Still, turn on any channel to watch anything at all, and it seems Nissan is there too. 60 Minutes? Yep, there's "Fly Away." Care to relax with an afternoon baseball game? As soon as Ozzie Guillen grounds to short to end the fifth, The Who pipes in guitar bleeps and a yowl and that damned Nissan. I'm telling you, any day now when I'm tuning in Nightly Business Report on PBS to get my daily fix of the rugged, John Forsythe-gone-to-seed handsomeness of Paul Kangas, that furshlugginer Nissan commercial's going to pop in.

I know it -- just as sure as I know anything, I know it.

And this is somehow supposed to spur my sorry 26-year-old ass to my local dealer so that I can breathlessly demand he swap my 1983 Oldsmobile for a brand new Nissan?

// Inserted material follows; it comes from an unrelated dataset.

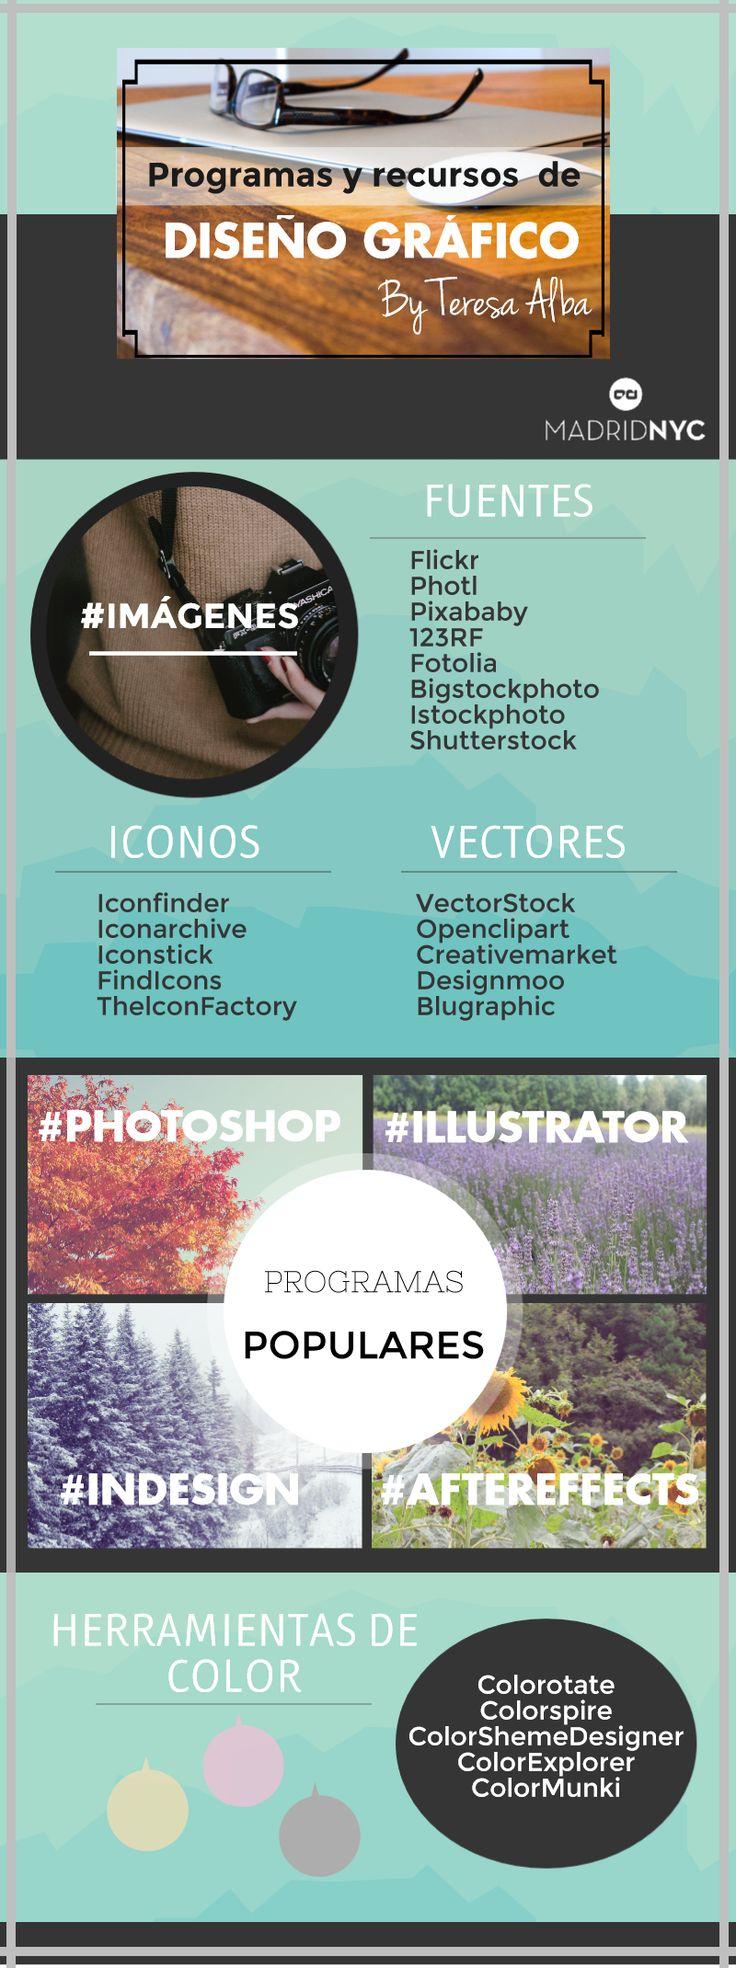 programas-de-diseño-gráfico-infografía-Teresa-Alba-MadridNYC

Dear sweet Keith Moon, save me.

Carmakers, being the essentially unlovable types they are, pull out all the stops by throwing in every advertising cliché this side of Michael Jordan. Perhaps the most egregious of these has been getting dead people to endorse your product. Mercedes-Benz -- Official Automobile of the Master Race -- was a trailblazer in this shameless commerce some time ago when it used Janis Joplin's "Mercedes Benz" to hawk its cars. Now it has a campaign in which, through computer wizardry, animated artists from Dali to Picasso come to life and take the wheels of said cars and whiz them around to "The Blue Danube."

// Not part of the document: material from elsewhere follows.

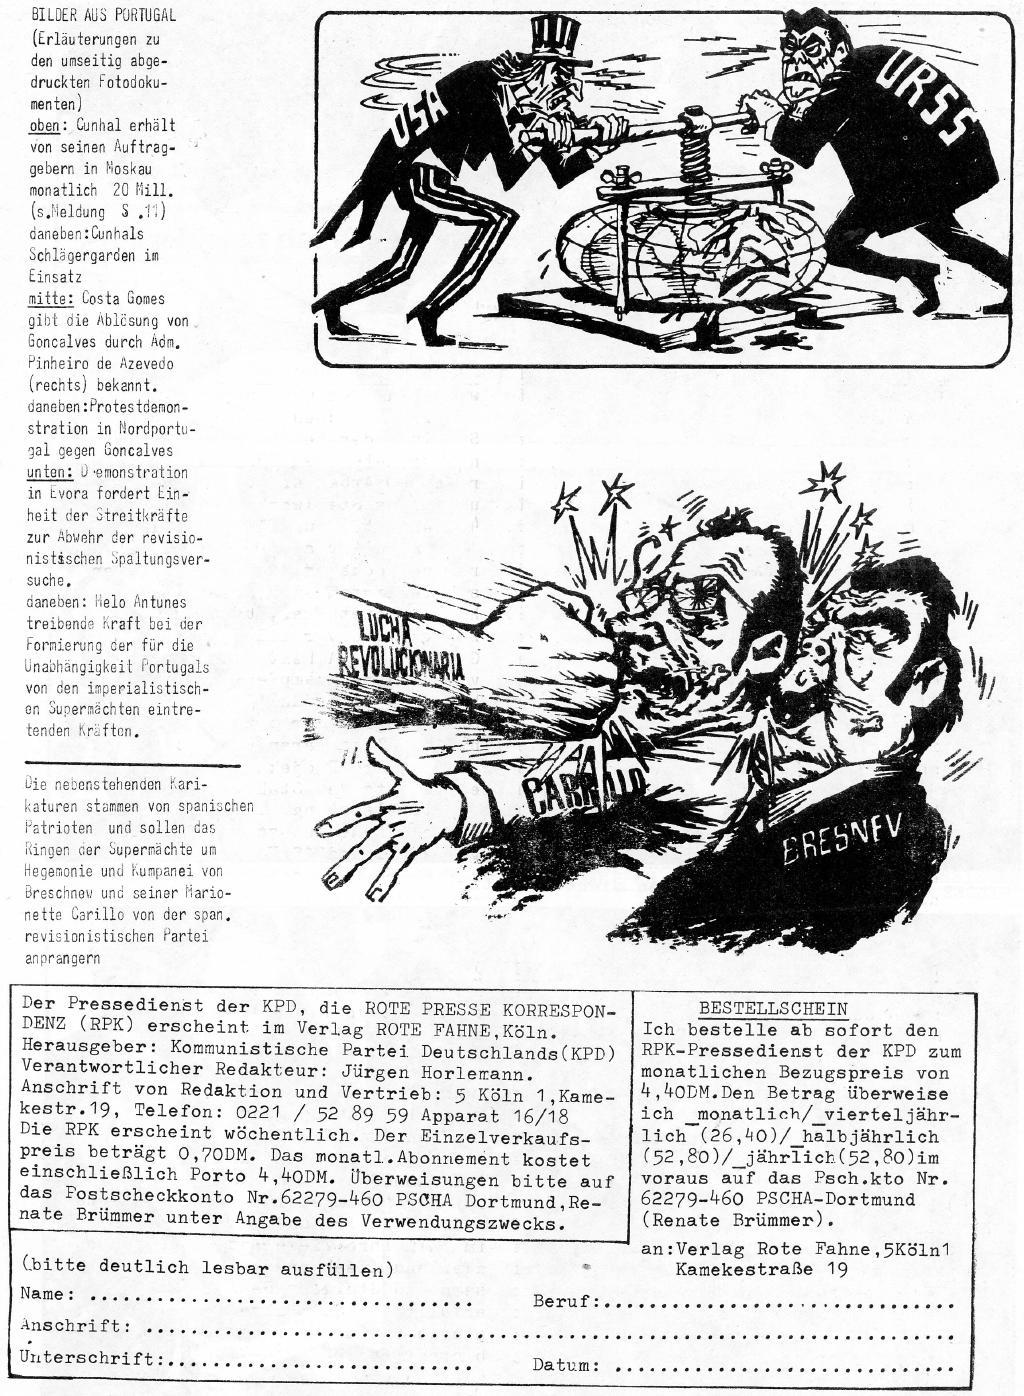 RPK_Pressedienst_1975_41_15

The intent, of course, is to get you to equate the Mercedes motorcar with great works of art. Good thing, for it doesn't at all make you think of Mercedes as the motorcar of pretentious, shameless assholes who lack imagination and originality and strip-mine cultural treasures in the name of the almighty sawbuck. What's next, using Carl Sandburg's delicate little poem "Fog" to boast about halogen headlamps?

Not to be outdone, Chevrolet -- Official Car of the Great Unwashed -- revived its "See the U.S.A." campaign against a backdrop of famous photographs of pop icons and events with Chevys magically added, thanks to our little friend, the Digit. All the cliches of the past 100 years are there: sailor boy laying one on a girl on V-E day in Times Square (with a Chevy added in the background); a brooding James Dean on a rainy street walking by a Corvette that has been conveniently placed nearby; the space shuttle lifts off with a Corvette parked right near the big liftoff clock.

Which raises a question: where was NASA's vaunted security force when that happened?

Since it seems car advertising draws out the very best in our brilliant advertising geniuses, here's a modest proposal. You want to associate your automobiles with celebrities and famous events? Fine and dandy, Skipper. You want to rip off popular music to do it? That's just grand, Bucky.

Why not add to Chevy's existing commercial a photo of Ernie Kovacs' lifeless body sprawled alongside his smashed Corvair station wagon? How about a Chrysler knock-off with Jayne Mansfield's severed head rolling alongside her capsized Imperial, set to the strains of "Last Kiss"?

Jeep wants in on it too? Fine. Put a Jeep in the background of Eddie Adams' Pulitzer-winning photo of General Loan blowing the brains out of a suspected VC spy in Saigon. Mercedes wants so badly to connect itself to history? Great! Let's see films of Adolf Hitler in a Mercedes against a backdrop of "Ride of the Valkyries."

And Lincoln could have the ultimate celebrity tie-in, thanks to an amateur photographer named Abraham Zapruder. Just imagine the structural integrity of a presidential skull being compromised to the tune of "Dead Man's Curve." Practically writes itself, don't it?

So maybe our brilliant intellectual giants at the car companies and the ad agencies can toy with those ideas. But for my part, if it takes misappropriated music and images to sell automobiles in this day and age, that ancient Oldsmobile in my driveway -- cracked windshield, disintegrating paint and all -- looks mighty sweet. And I didn't need hackneyed rock tunes or doctored photos to help me decide as much, either.